Cooper, the water in Nails is Dead. really low, and no flow. Fished it for 20 min and left. Went over and fished a spot down from Irwin Bridge, and after 30-45 min there, not even a bump. Water was very low in the Yegua too. Thought about just calling it a day, but decided to walk upstream to one more spot, and that was a good move. In the next hour managed 9 whites and a bonus 20 in hybrid. Also a short crappie. We need a rain REALLY BAD!!!!

7 of the whites were nice solid females, only 2 were small males. Its been a while since i got a hybrid out of the creek, and man they sure do test your nerves. Had to work her out of several trees and sticks, but finally got her to shore.
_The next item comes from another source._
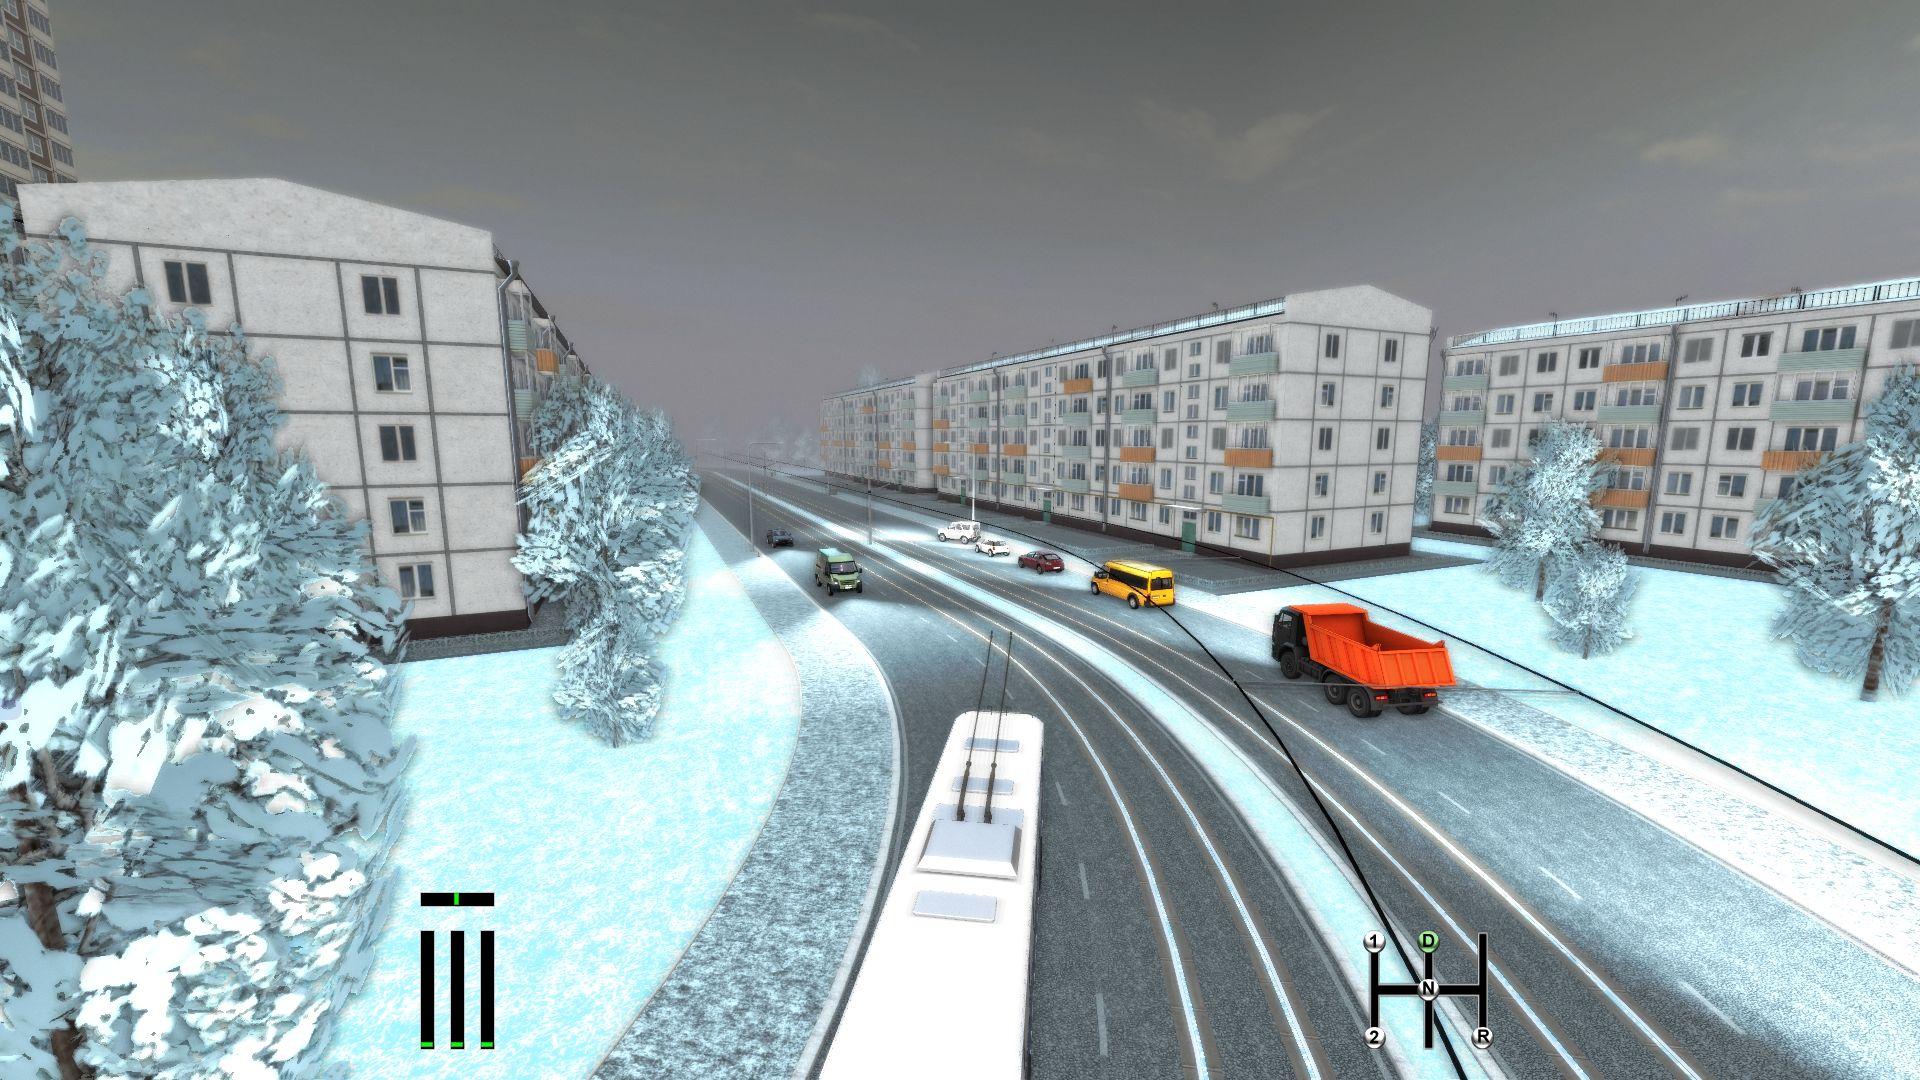 Screenshot №12 from game Drive Megapolis

Good luck to those going out there this weekend. I think i am gonna sit it out and maybe go catfish in the lake. Water is too low for my liking


----------



## kim e cooper (Feb 18, 2006)

tHANKS deebo , son is going tomorrow iam going to FAyette to find the cats.


----------



## big_zugie (Mar 14, 2006)

Ive decided to head to my house on the Blanco to go mess with thome smallmouths instead after reading all these reports


----------



## Riverman (May 15, 2007)

It seems that all the reports of the creeks are not very good. I hope we can get one more good rain to pull more whites in before the spawn is over. It seems the lake side of things are going well. It is almost time to start heading to the coast and fishing.


----------



## Magnolia (Dec 2, 2007)

Reports are for rain starting tonight and Monday and then again for Thursday. That should help.


----------



## Livininlogs (Oct 12, 2005)

We went to Irwin bridge yesterday. Caught and released about 5 small crappie. part on minners and the others on some grubs fished under a cork about 18 to 25 inches


----------



## Riverman (May 15, 2007)

Seems the bite has slowed both at NB and Irwin Bridge. Hope to have one good trip this year.


----------



## Kornbread (Nov 21, 2007)

Does anyone know of a website that has a lake somerville map on it with the creeks & bottoms and such labeled on it?


----------



## get it wet (Aug 10, 2007)

Any locals know how much rain Somerville got yesterday ?


----------



## railman (Aug 1, 2004)

Kornbread said:


> Does anyone know of a website that has a lake somerville map on it with the creeks & bottoms and such labeled on it?


Try this
http://swf67.swf-wc.usace.army.mil/somerville/

http://swf67.swf-wc.usace.army.mil/somerville/Information/Maps.asp


----------



## roger1shot (Jul 28, 2004)

Yep 
We got about .7 in the area.


----------



## Kornbread (Nov 21, 2007)

Thanks Rail


----------